Cash Flow Generation and Capital Distribution
Cash used by operations totaled $13.9 million in the first quarter, compared to $56.7 million in the first quarter of 2021. The $42.8 million improvement was primarily due to a $97.0 million increase in net income, partially offset by a $288.5 million sequential increase in net operating working capital in the first quarter of 2022, compared to a $251.8 million sequential increase in the first quarter of 2021. The increase in net operating working capital in the first quarter of 2022 resulted primarily from a $479.0 million sequential increase in accounts receivable and contract assets, compared to a $190.4 million sequential increase in total accounts payable and accrued transportation expense.

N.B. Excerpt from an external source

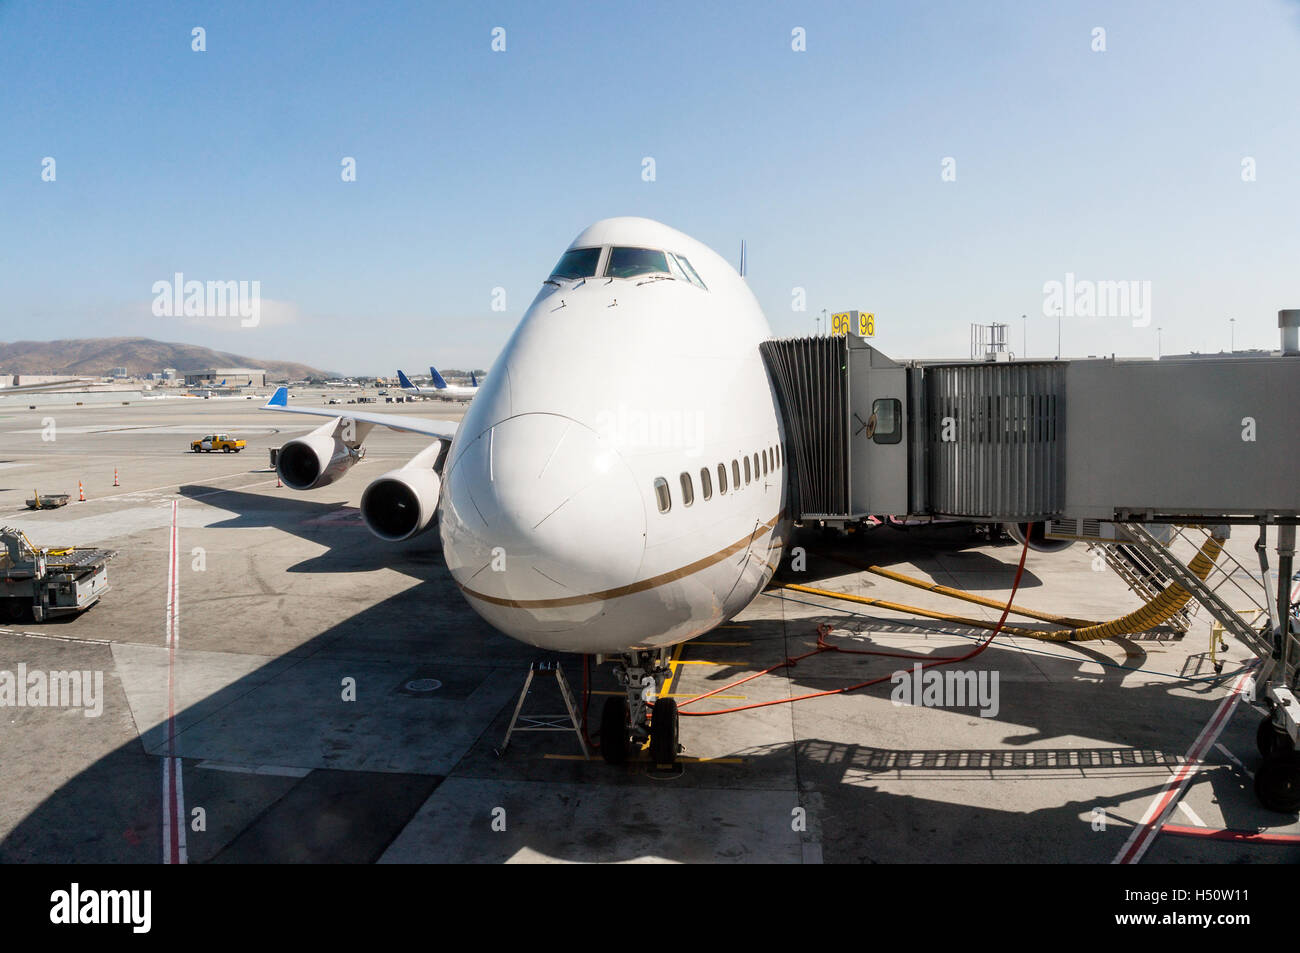 Focus on the nose of a passenger aircraft that is parked at airport gate and connected to a jet bridge. Stock Photo

In the first quarter of 2022, $250.6 million of cash was returned to shareholders, with $177.7 million in total repurchases of common stock and $72.9 million in cash dividends.
Capital expenditures totaled $26.2 million in the quarter. Capital expenditures for 2022 are expected to be $90 million to $100 million, primarily driven by technology investments in our digital platform.
Outlook
“As questions linger about the impact on global economic growth from the Russian invasion of Ukraine, higher energy prices and inflationary pressures, among other impacts, we believe that our global suite of multimodal services, our growing digital platform, and our resilient and flexible non-asset-based business model will continue to deliver strong financial results through the cycle,” Biesterfeld stated. “We will continue to benefit from our product and technology investments while delivering on opportunities to integrate our services to help our customers solve their complex global supply chain issues. We are uniquely positioned to orchestrate end-to-end supply chain success for our customers and to help them not only navigate uncertain market conditions, but to succeed in doing so. One of the core values we live by is to evolve constantly. To advance our industry leadership in a more digital environment, we are evolving to a product-led organization by reorienting the intersection of our growth strategy and our engineering and technology teams with the needs of our customers and carriers, and we’ll continue to differentiate ourselves in the market by having great people that our customers can rely on. I’m excited by the initial results from the enhancements that were rolled out in February for our Navisphere Carrier product. We’ll continue to build on our customer-centric commitment by continuing to invest in smart, customer and carrier-focused products, and we’ll launch several new products that we believe will benefit our customers and carriers as we continue to build out the most powerful supply chain platform.”